March 11, 2005

 

moving on/backwards?

he bought a cd for me the night before he broke up with me, The Killers. he knew i had been wanting it for a while, i wasnt feeling good, it was on sale at best buy... it was meant to be. i'm glad i got that out of him at the last minute, as it were.

but i was getting to a point, wasnt i? i've had that cd in my car on constant shuffle since sunday. i'm so incredibly in love with it. and one track in particular, "smile like you mean it" seems to come up with a disturbing regularity.

i'm trying, i really am.

my knitting, though... SUCKS. i have shitloads of red yarn that i'll never get paid for now. (i was making Zissou hats for the band. they were supposed to pay me this week.) and i've lost all interest in any project that is REMOTELY connected to him. not even consciously, i'll just pick up something, and ... nah. i dont feel like working on that. the kitty i was making for my little cousin? i made one for chris. (that will probably be neglected in the back of his closet forever more, or otherwise neglected.) the hourglass sweater? the silk garden gauntlets? blah.

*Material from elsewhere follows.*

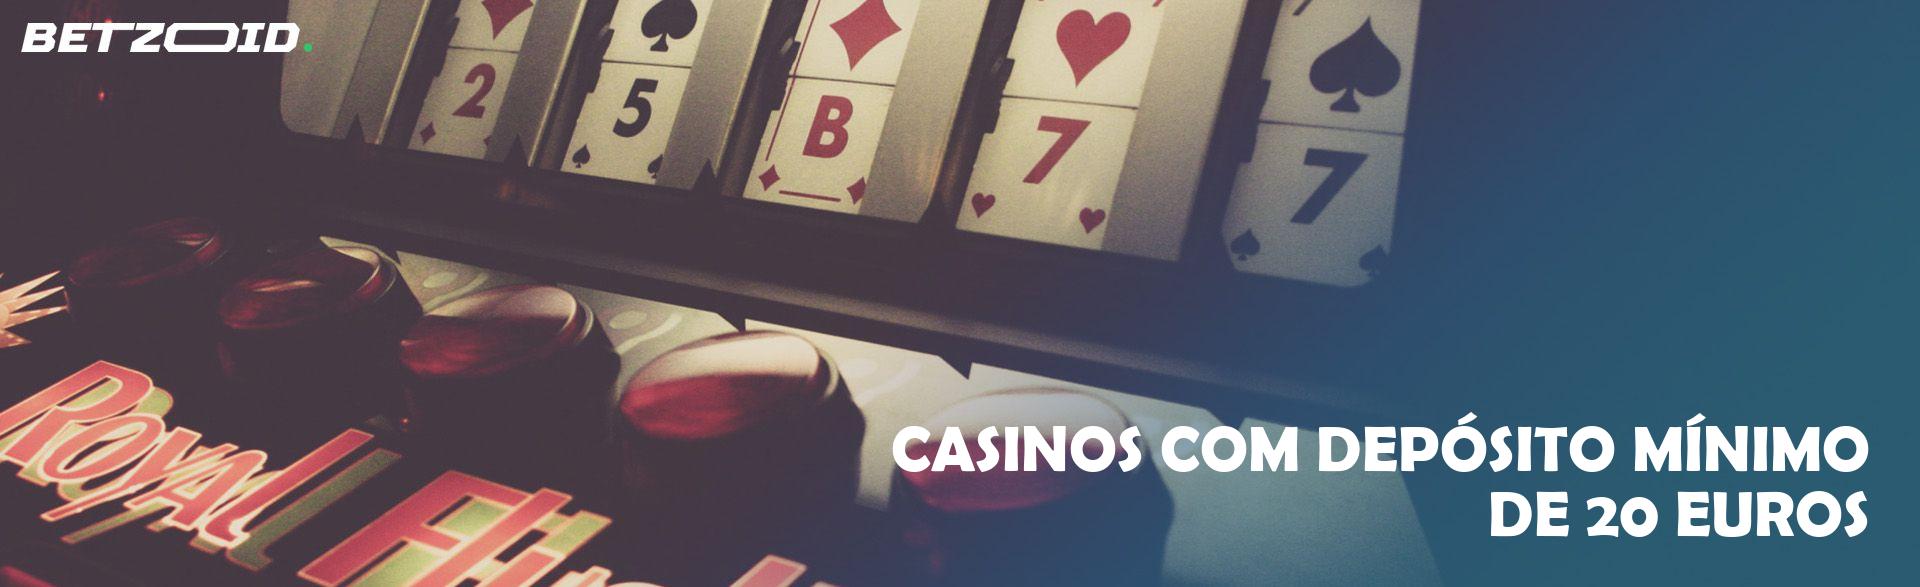 Casinos com Depósito Mínimo de 20 Euros.

the worst? i'm one ball away from completing my Banff sweater. i have no money. i've worked on this project EXCLUSIVELY at his house, at band practices. he offered to buy me the last ball, if i could find any online. it now sits on my floor, one ball from completion.

i've now regressed to some of my really old WIP's... my Iro entrelac wrap, silk garden Rosedale United, my silky wool sweater. but even then, my heart's not really in it. i've made less progress on my knitting in the past few days than i did at any band practice in the last two months. its like i just cant seem to get into it.

i've been spending a lot of time watching movies, reading trashy magazines, trying to re-hash what happened. but due to some particularly harsh events last night (him cursing me out, and making a point to inform me that he was out with his ex girlfriend) i'm finding it easier to ... begin to contemplate getting over him. the man i miss doesnt exist any more...

tomorrow night, i'm going out with the girls. good lord, i need this.

(thank you, everyone, for the kind words lately. i just wish some of you had left email addresses i could reply to you personally at! some made me smile, a few made me cry, but every single comment has made me profoundly grateful for finding this wonderful world of knit-bloggers. every single word has made a difference, thank you all.)

Comments:
I'm so sorry you've gotta go through this. Nothing anyone says can stop the pain you're feeling, so I won't go into the slew of typical breakup advice. It will get better though, and from reading your blog, I know you know this.
Now is your time to focus on you and to heal. I always either destroy everything of sentimental value if I want to FORGET, or box it up and hide it for a while if I want to REMEMBER (later of course.)

My two cents...
1)snag up all the projects that remind you of him and stuff them in a box, only to be opened at a later time when you're not going to 'feel' their sentimental value.
2)or, frog those hats and the Banff (gasp, I did just say that) and start some new projects (ones without any sentimental attachment to said boy)!
3)or, have a "destashing sale" for the yarn from those hats. I'm sure one of your fellow knitters in blog land has a use for gads of red yarn and would be happy to take it off your hands. Either that or see if someone would be willing to trade for yarn that would be more useful for a new project for you.

Well wishes and better prospects for you:)
Lara
 
I'm tried to leave a comment yesterday, but blogger didn't like me :(

Anyway, I am so sorry to hear about your troubles. That really sucks. I hope that things will get better for you soon. Focus on healing.

Take care of you right now. You are soooo important! Don't forget that!